Speaker of the House Nancy Pelosi, D-Calif., right, sits with Rep. Suzan DelBene, D-Wash., as they ... [+]
Prescription drug price controls are gaining momentum nationally and also at the state level. Nationally, lowering drug prices using government levers is an area in which there appears to be at least some degree of bipartisan agreement.
A form of direct price controls was included in the Trump Administration’s International Pricing Index (IPI) model to lower Medicare Part B prices. The Department of Health and Human Services Blueprint was explicit: The purpose of the IPI model is to “phase down the Medicare payment amount for selected Part B drugs to more closely align with international prices.”
Speaker of the House Nancy Pelosi’s H.R. 3 bill, named Lower Drug Costs Now Act, goes further and applies to a much wider range of drugs, and also introduces monopsony, which would de facto control prices throughout the entire market as government-negotiated prices would be adopted in the commercial sector.
At the same time, a number of states have introduced drug price control laws.
Maine, for example, has been somewhat of a path breaker when it comes to instituting drug price controls. Nearly two decades ago, in 2000, Maine became the first state to enact price controls. Earlier this year, Maine enacted a more comprehensive law aimed at controlling drug prices. The bill included two key components. First, the law stipulates that a board will cap drug prices for health plans. Second, the law requires pharmacy benefit managers to pass on all savings they negotiate through rebates to patients.
Conspicuously, however, Maine limits its board’s scope to state, county, and local government health plans. Also, Maine’s board isn’t authorized to set spending caps; rather, it provides recommendations on spending targets for prescription drugs to the legislature.
Maryland went several steps further than Maine with a law passed in April of this year. Similar to Maine, Maryland passed a law creating a prescription drug affordability board whose mandate is to regulate drug prices. But, the law added pressure on drug makers by requiring them to justify certain prices or price increases for both patented and generic drugs. If the board rejects a manufacturer’s explanation for a pricing decision, it can, with the approval of the state legislature, set a lower price for the drug. Maryland law only applies to health plans that serve employees of the state government and of county and city governments. And, analogous to the Medicaid rebate, drug manufacturers are required to accept the price set by the board in order to sell the drug in question to state, county, and local government plans operating in Maryland.
These new state laws may be a sign of things to come. Legislation is pending in several more states.
What the Maine and Maryland laws share in common, along with other state proposals, is that they call for “cost reviews” when prices or price increases for certain drugs exceed specified arbitrary thresholds. For example, in Maryland board reviews are triggered when branded drugs enter the market with a wholesale acquisition cost of at least $30,000 per year, or when their prices are raised by at least 10% annually.
Moreover, broadly boards are given the authority to review the prices of prescription drugs when they determine that reimbursement would create “affordability challenges” for the state healthcare system and patients.
It’s noteworthy that such reviews are called “cost reviews” as opposed to “cost-effectiveness reviews.” What’s more, the language adopted - “affordability challenges” - gives state authorities wide discretion with respect to when cost reviews would be prompted.
This does raises the question, are any evidence-based criteria used to set the thresholds and trigger a review? The language adopted - “affordability challenges” - suggests budgets play a role. But, budgets are separate from evidence-based criteria, such as a drug’s clinical effectiveness.
Some expensive drugs – well, above the $30,000 threshold cited – are very cost-effective, that is, they offer very good value for money. Some may even be cost-saving in the long term. At the same time, some cheap drugs are not cost-effective.
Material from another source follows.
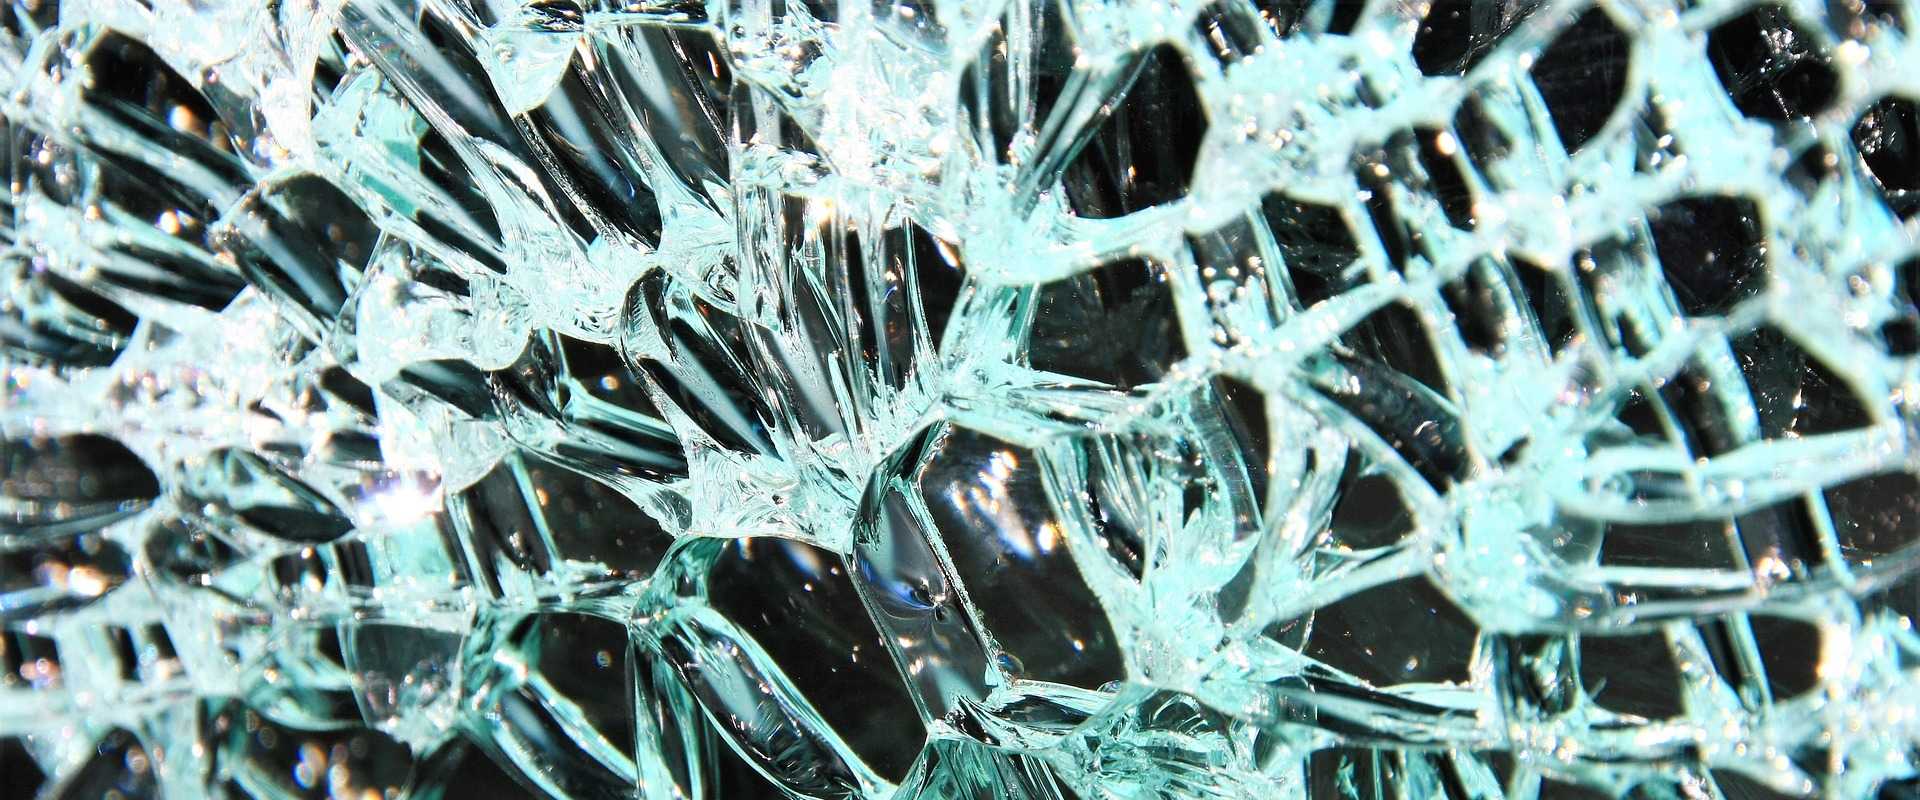 Shattered Glass Fragments
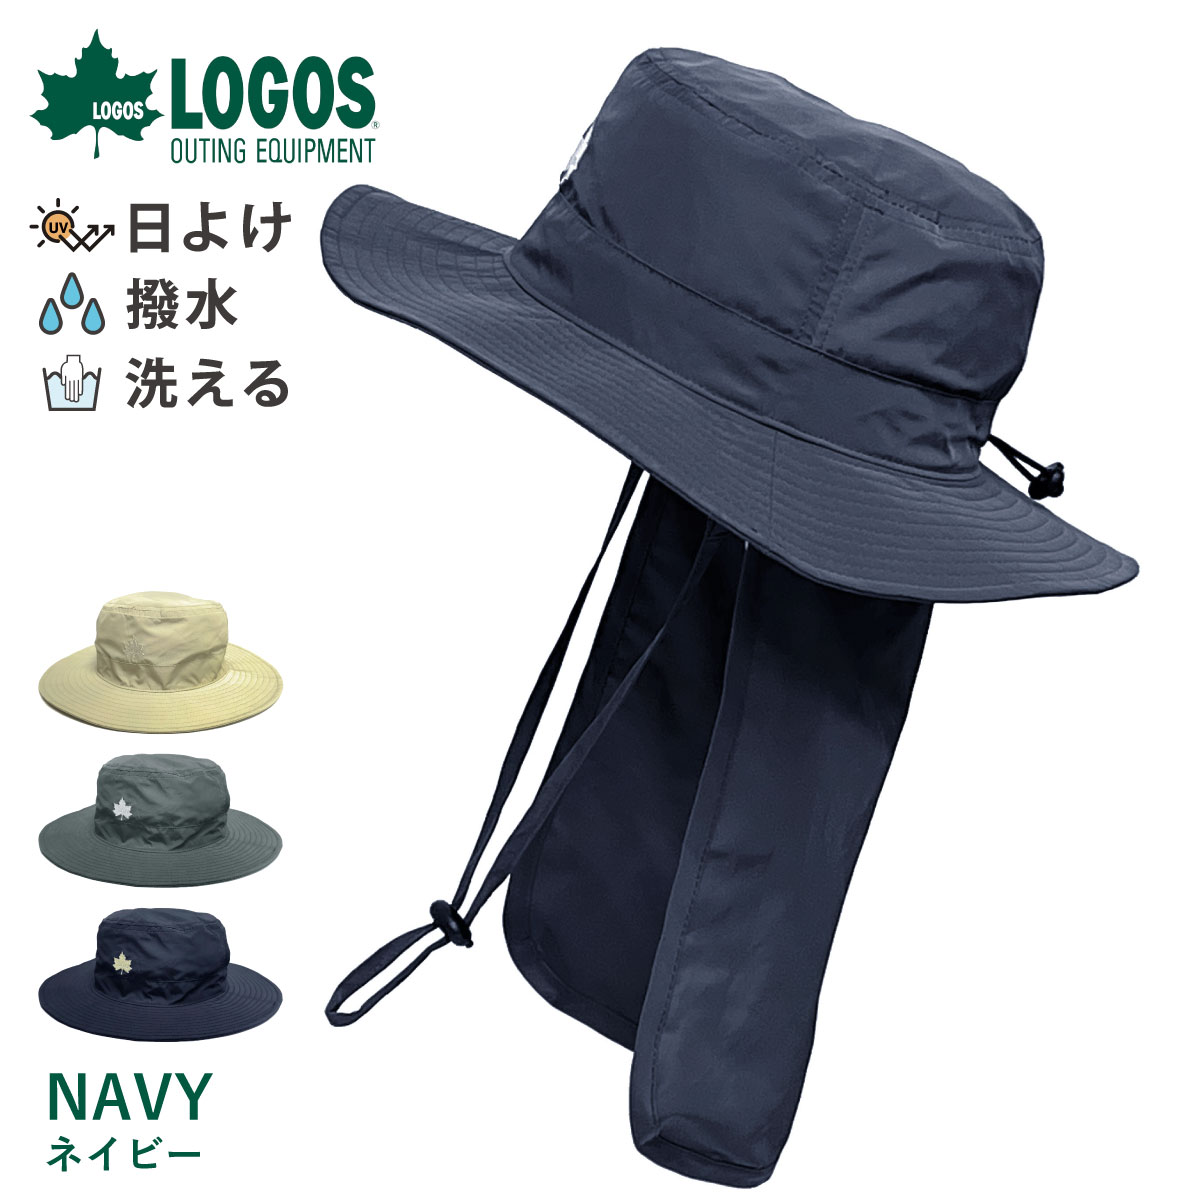 LOGOS 撥水サファリハット 帽子 シェード 超軽量 アドベンチャーハット 58cm hat-15...

Surely, reviews ought to take into account some measure of a drug’s cost-effectiveness, as opposed to merely its cost.
Furthermore, there is a concern among some state legislators — which the drug industry has echoed — that the boards may reduce access to certain newly approved drugs with relatively high price tags, as companies may simply walk away from a particular market.
To illustrate, a state such as Maryland has relatively little bargaining power; companies could walk away from the market, rather than set a precedent for other payers by selling certain drugs at prices below current levels.
In fact, it may be the case that states would need to act collectively to simultaneously drive down prices and ensure patient access to drugs. Whether this is possible logistically or even legally remains to be seen.